Data excerpts:
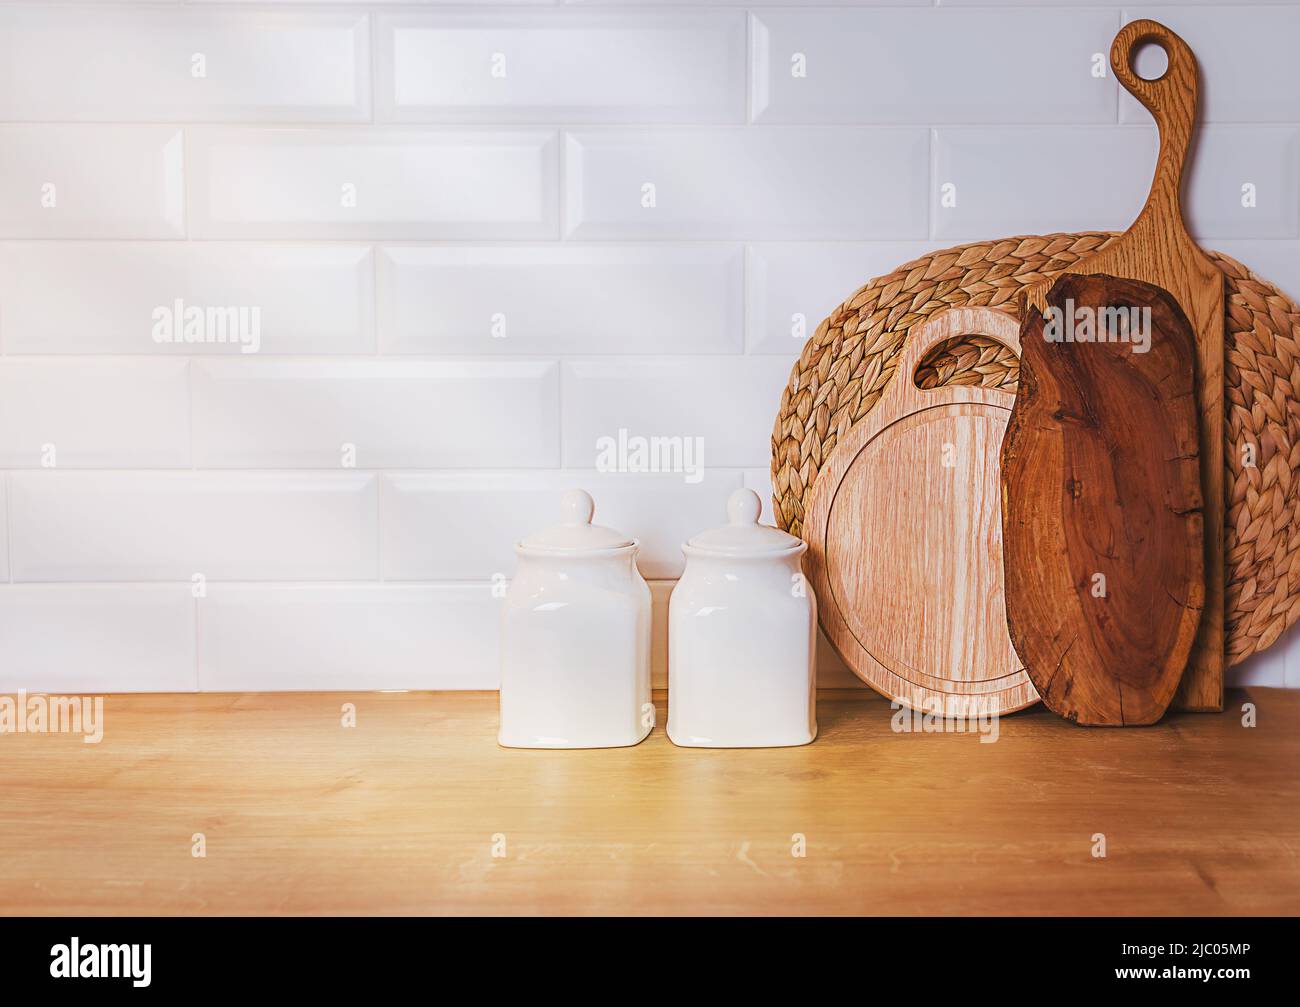 kitchen template, mockup. Vintage image of kitchen with white wall and wooden boards Stock Photo
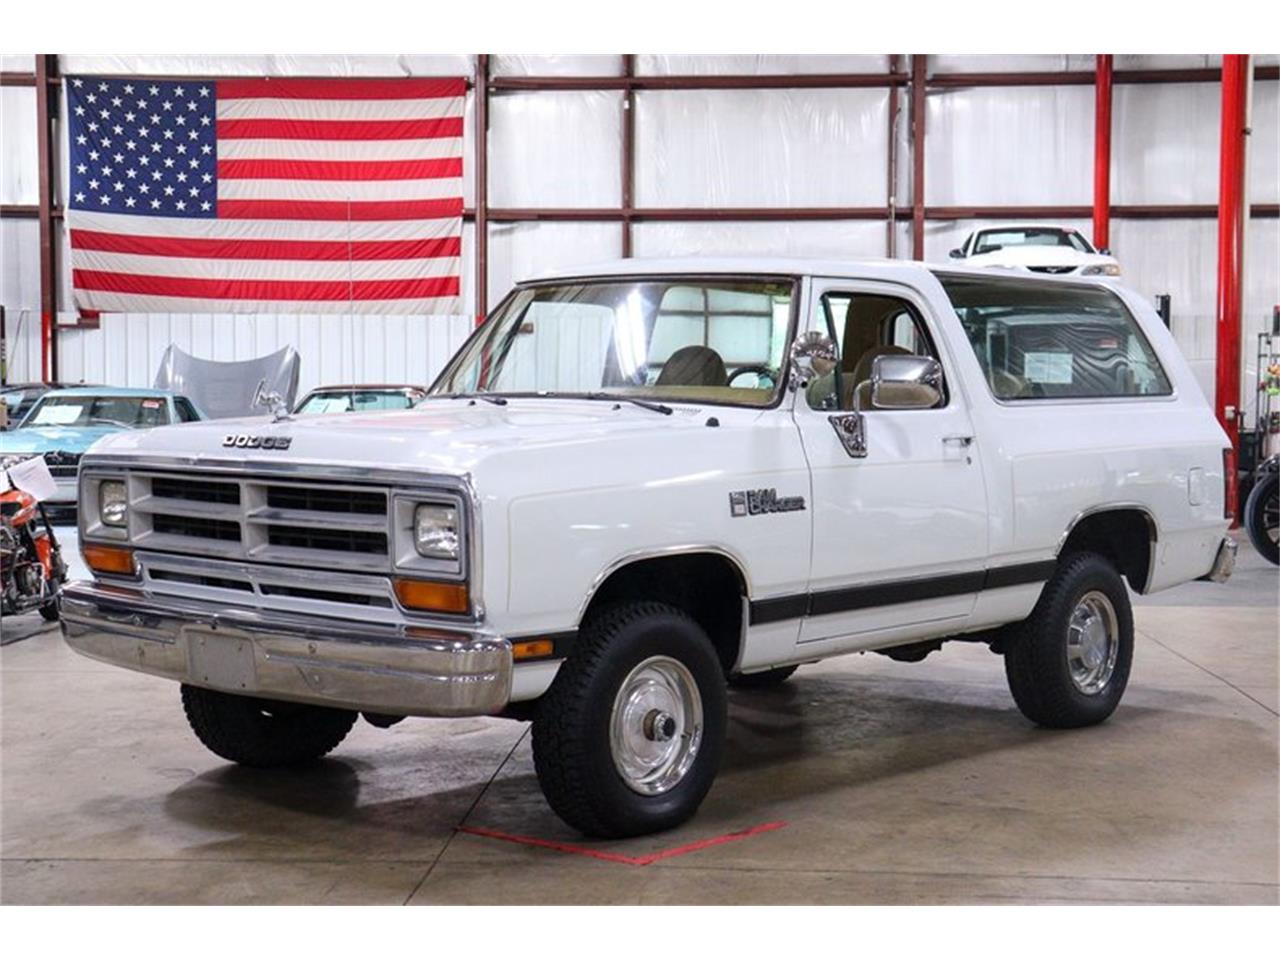 For Sale: 1988 Dodge Ramcharger in Ken2od, Michigan for sale in Grand Rapids, MI
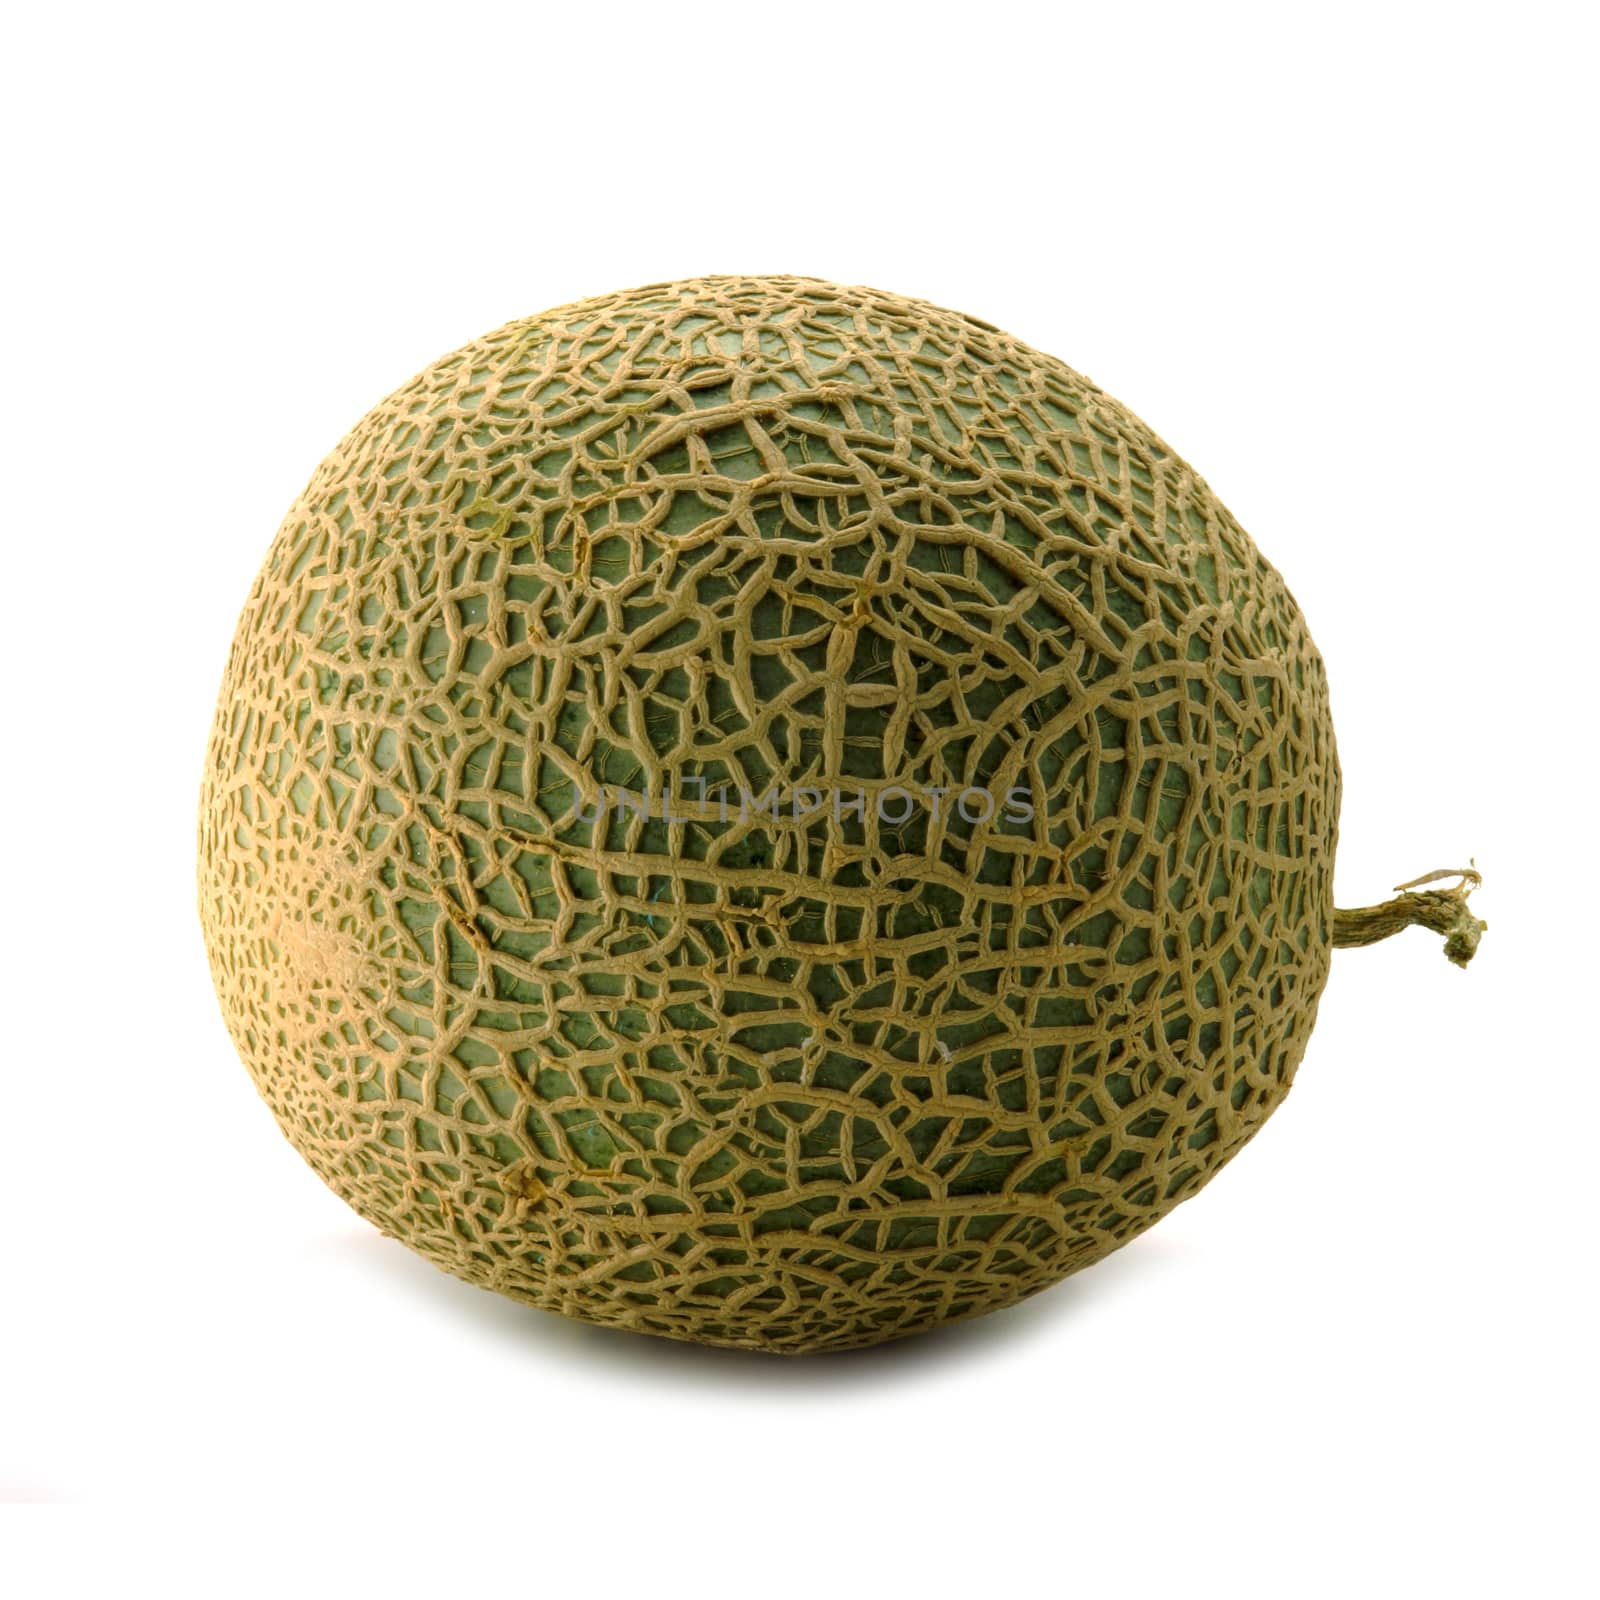 Netted melon on white background
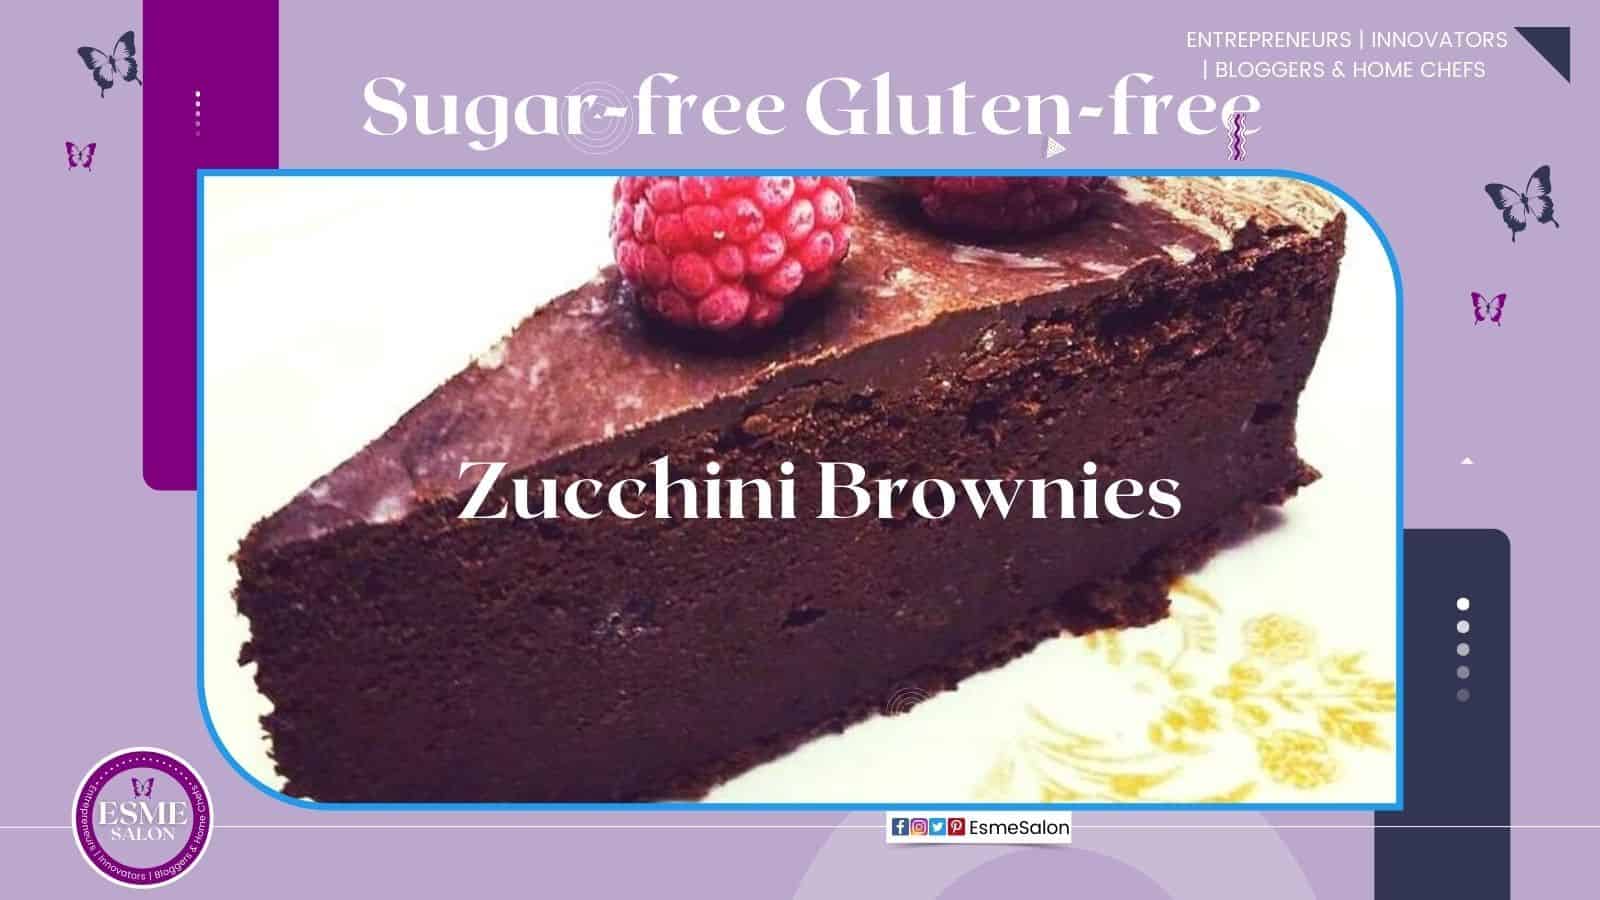 Zucchini brownies with raspberries on top
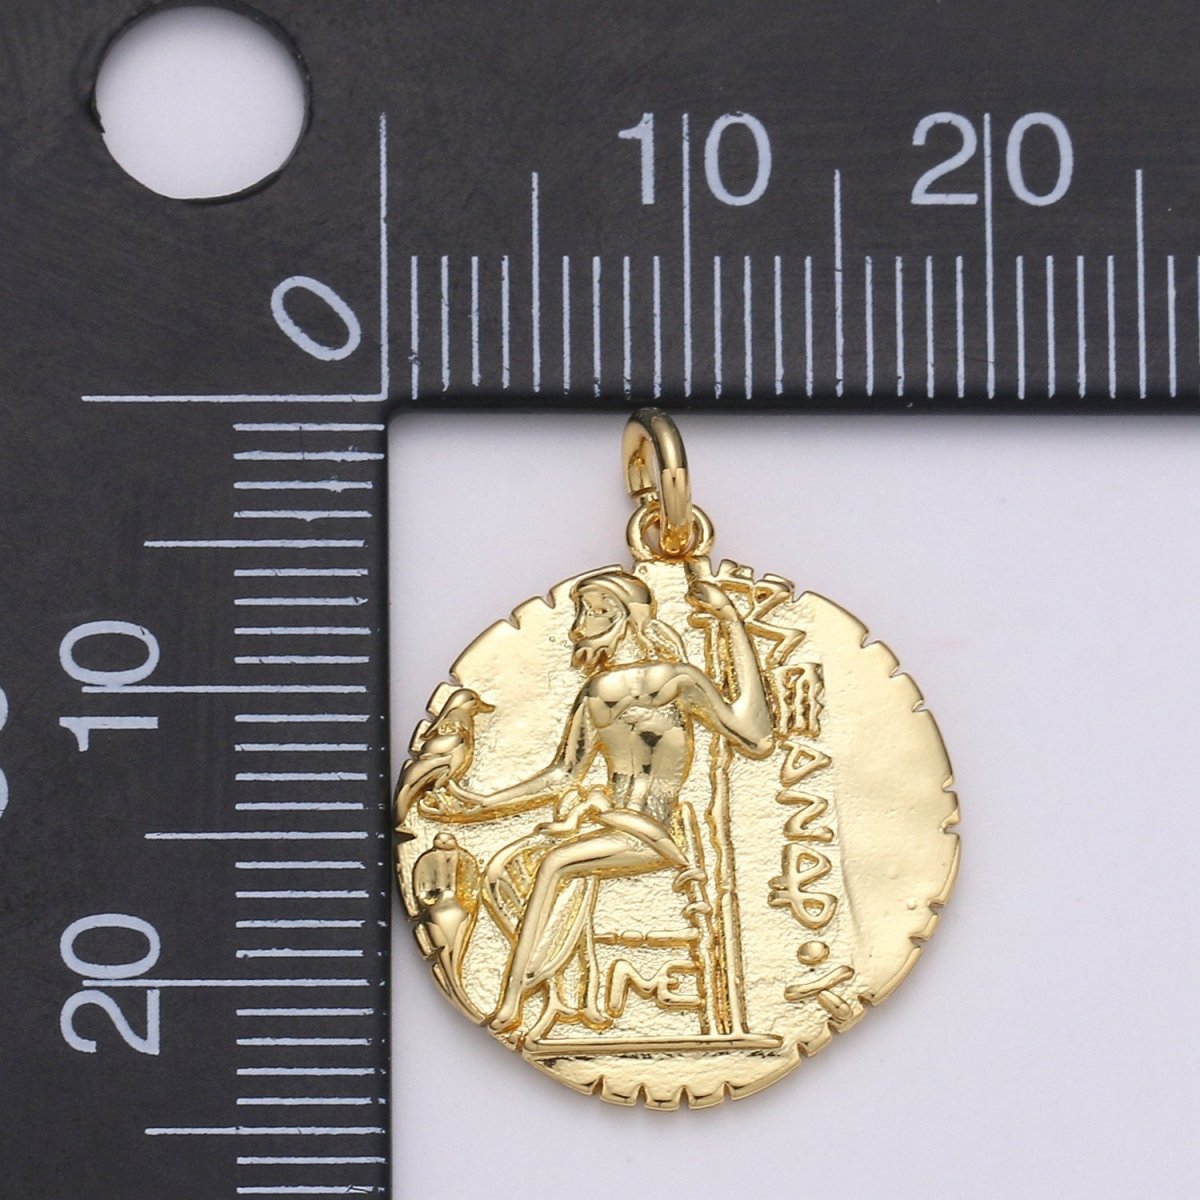 14k Gold Filled Ancient Gold Coin Pendant, Greek Warrior Alexander the Great Coin Pendant, Earing DIY, Roman Coin Pendant, Earing Coin D-151 - DLUXCA

**YOUR ASSIGNMENT:** Leave the pictures out. Extract exactly the lines running from the one with "Zucchini brownies with raspberries on top" through the last entry, both ends included.

**ANSWER SECTION:**
 Zucchini brownies with raspberries on top
 14k Gold Filled Ancient Gold Coin Pendant, Greek Warrior Alexander the Great Coin Pendant, Earing DIY, Roman Coin Pendant, Earing Coin D-151 - DLUXCA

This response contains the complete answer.